No pude superarlo.
No pude contenerme.
Esta vez no pude guardar la ira y la rabia. No pude contener
las emociones que aquel fracaso produjo y creí, irracionalmente, que no existía
castigo peor que aquel.
El esfuerzo, el tiempo invertido, la seguridad que había
cultivado para aquel momento…todo se fue por el sumidero cuando salí de aquella
sala. Todo quedó en silencio y en aquel silencio solo estaba yo: torturándome
con imágenes del momento fatídico, culpándome de no ser suficiente, de no haber
sido capaz de ver la otra cara de la moneda.
Estaba convenciéndome
de que no había nada peor, de que merecía todo aquello porque no había dado lo
suficiente.
Después de todas las enseñanzas, de todas las herramientas
que había ido obteniendo a lo largo de mi año sabático me asusté al comprender
que nada de aquello era suficiente para contener el ataque de llanto que supuso
aquel fracaso. No fui capaz de convencerme de que lo malo tenía que suceder por
alguna razón y que era mi obligación encajar ese golpe con la mayor endereza
posible.
No fui capaz de dejar de llorar.
No fui capaz de contenerme y esconder el dolor.

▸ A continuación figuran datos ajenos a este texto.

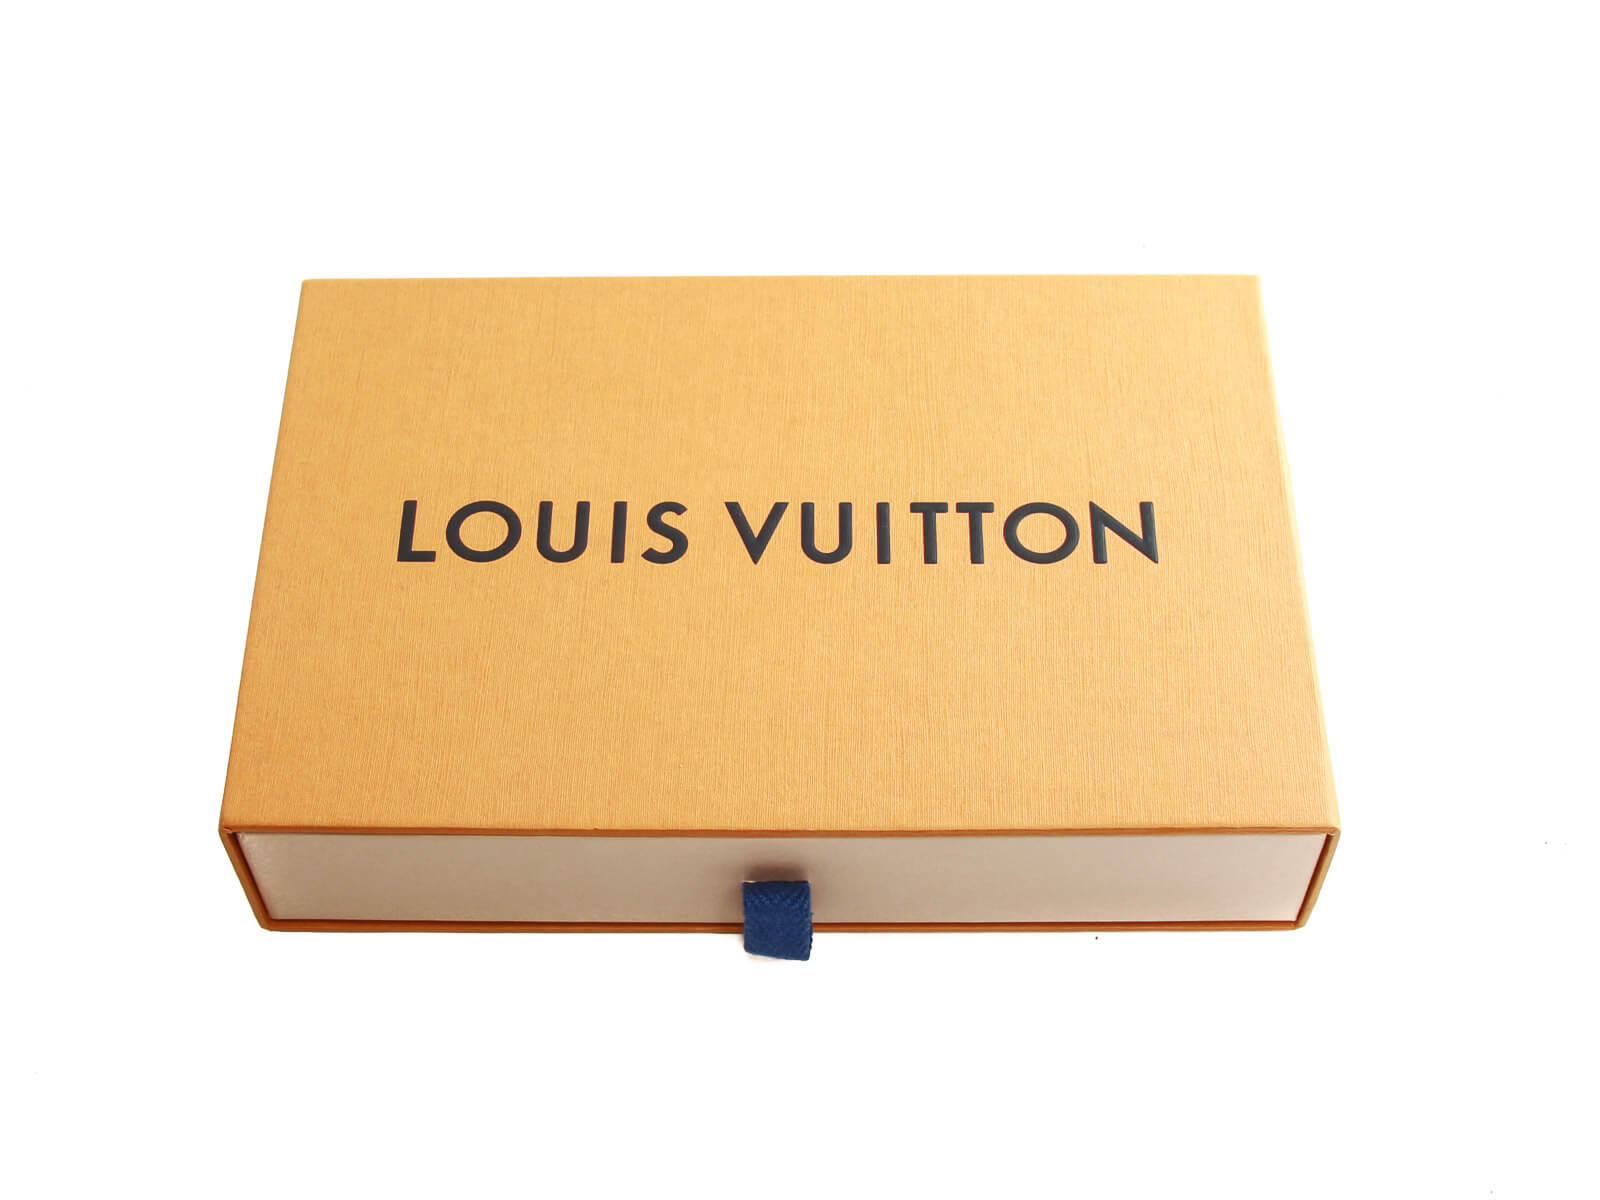 Shop Louis Vuitton Emilie wallet (M60697, M61289) by lifeisfun

Comprendí que, de alguna forma, había retrocedido al pasado
donde la ira y la rabia eran mi único motor y me asustó tanto volver a ser aquella
persona, volver a aquella época oscura llena de dolor, que me obligué a olvidar
algo que no tengo superado. Y es que aún ahora, después de haber pasado por todo esto y
todo aquello, me sigo culpando de no haber sido suficiente.